Professionals have been criticised by a serious case review for missing opportunities and focusing on the mother in a case where a child died.
A review into the death of Christopher Ostle, a three-month-old baby in Doncaster, said that due to the complex needs of his young mother Laura the voices of the children were not heard when they were met by social workers and health professionals.
“Any actions or proposed actions were about her and not [the children],” the review said.
Children’s voices not being heard included the mother who was a child when the period leading up to Christopher’s death started, the review’s author said.
The mother had a history of mental health concerns relating to depression, and multiple agencies noted her lack of engagement, non-compliance and “transient lifestyle”. Agencies struggled to understand the complex needs she presented.
“The persistent health visits and comments about what was wrong with her, and the euphoric mother she portrayed to professionals, could have been considered as indications of someone who may be at risk to a child of fabricating or inducing illness,” the review said.
Christopher was the youngest of two children. He died of a head injury in September 2014 after being “violently” shaken by James Larkin, the mother’s partner. Larkin was charged and convicted of manslaughter and perverting the course of justice last week. The mother was also found guilty of perverting the court of justice. The pair were sentenced to 12 years and 18 months in prison respectively.
The serious case review noted a lack of clear understanding of thresholds by professionals, and said there was uncertainty about whether a referral made to children’s social care was a referral or not.
A lack of curiosity by professionals was also criticised. “There is no sense that they sought to understand what was going on with the family,” the review said.
There was a “missed opportunity”, when a second written referral, which followed escalating concerns from the community midwife service, was made to children’s social care. The review found this was not “inputted” for five days, during which time Christopher was born.

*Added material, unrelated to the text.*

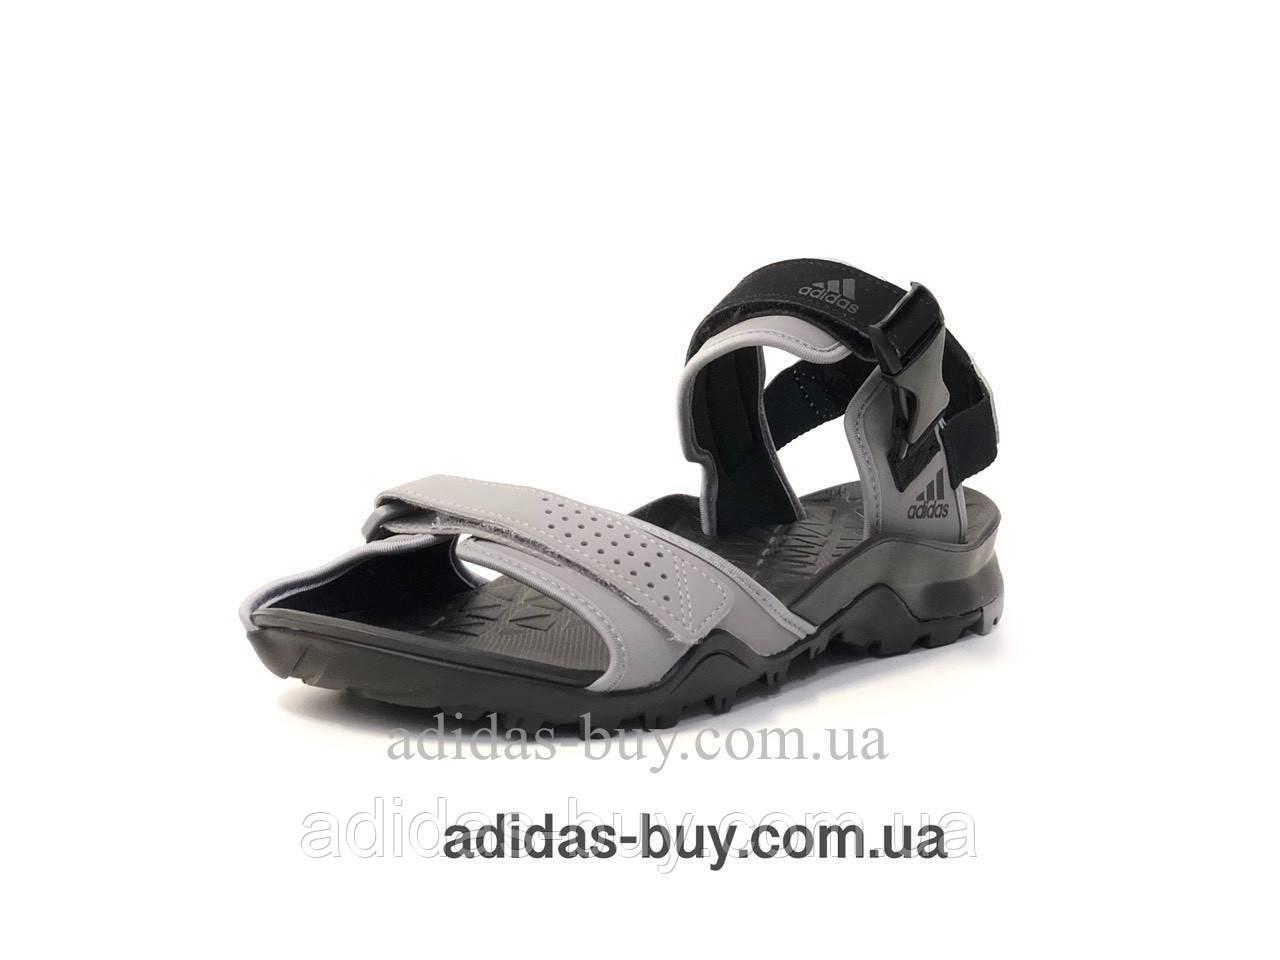 Сандалии мужские adidas TERREX Cyprex Ultra II F36369 цвет: серый/чёрный

“It is clear that if an assessment had taken place at the point of referral, with appropriate included multi-agency involvement and information sharing, a full picture would have been obtained.”
The review also found a “worrying” lack of information about Larkin. He was not the children’s biological father but was acting as a parent and carer.
“It would appear that no assessments were made as to whether [Larkin’s] health issues impacted on his ability to care for the children and this should have been considered in light of the child in need status,” said the review.
He was due to receive treatment with psychological therapies for recurring headaches and blackouts and was also taking medication, “which may have been for epilepsy or pain management, the notes did not make this clear”.
“Poor sharing of information did not assist in this. It is also felt that at times there was too much focus on [the mother] which may have caused [Larkin] to believe his role as carer was not important.”
The report said information sharing barriers “must be overcome”.
A professional who took part in the review said it felt like “we were all doing our own little bit”.
The review recommended that Doncaster Safeguarding Children Board (DSCB) ensures all professionals are able to deal with the risks associated with neglect, and are able to provide an effective response to them.
Doncaster Children’s Trust, which did not run children’s services at the time of Christopher’s death, should also “assure itself that all contacts from professionals are documented on social care records”.
John Harris, independent chair of DSCB, said the case was “very distressing”.
“The findings and recommendations from this review are of huge importance locally in Doncaster and are informing the drive to improve safeguarding across the borough,” Harris said.
“As recognised by DSCB in its annual report, and in the recent reviews by Ofsted and the Local Government Association, there have been significant improvements since 2014, but there is still more to do.
“The priority now is to ensure improvements are sustained and embedded. We are establishing practices and procedures to better protect children like [Christopher]. Systems have been put in place to improve the understanding and assessment of risk, and to promote professional curiosity so that it becomes second nature for professionals to ask the right questions.”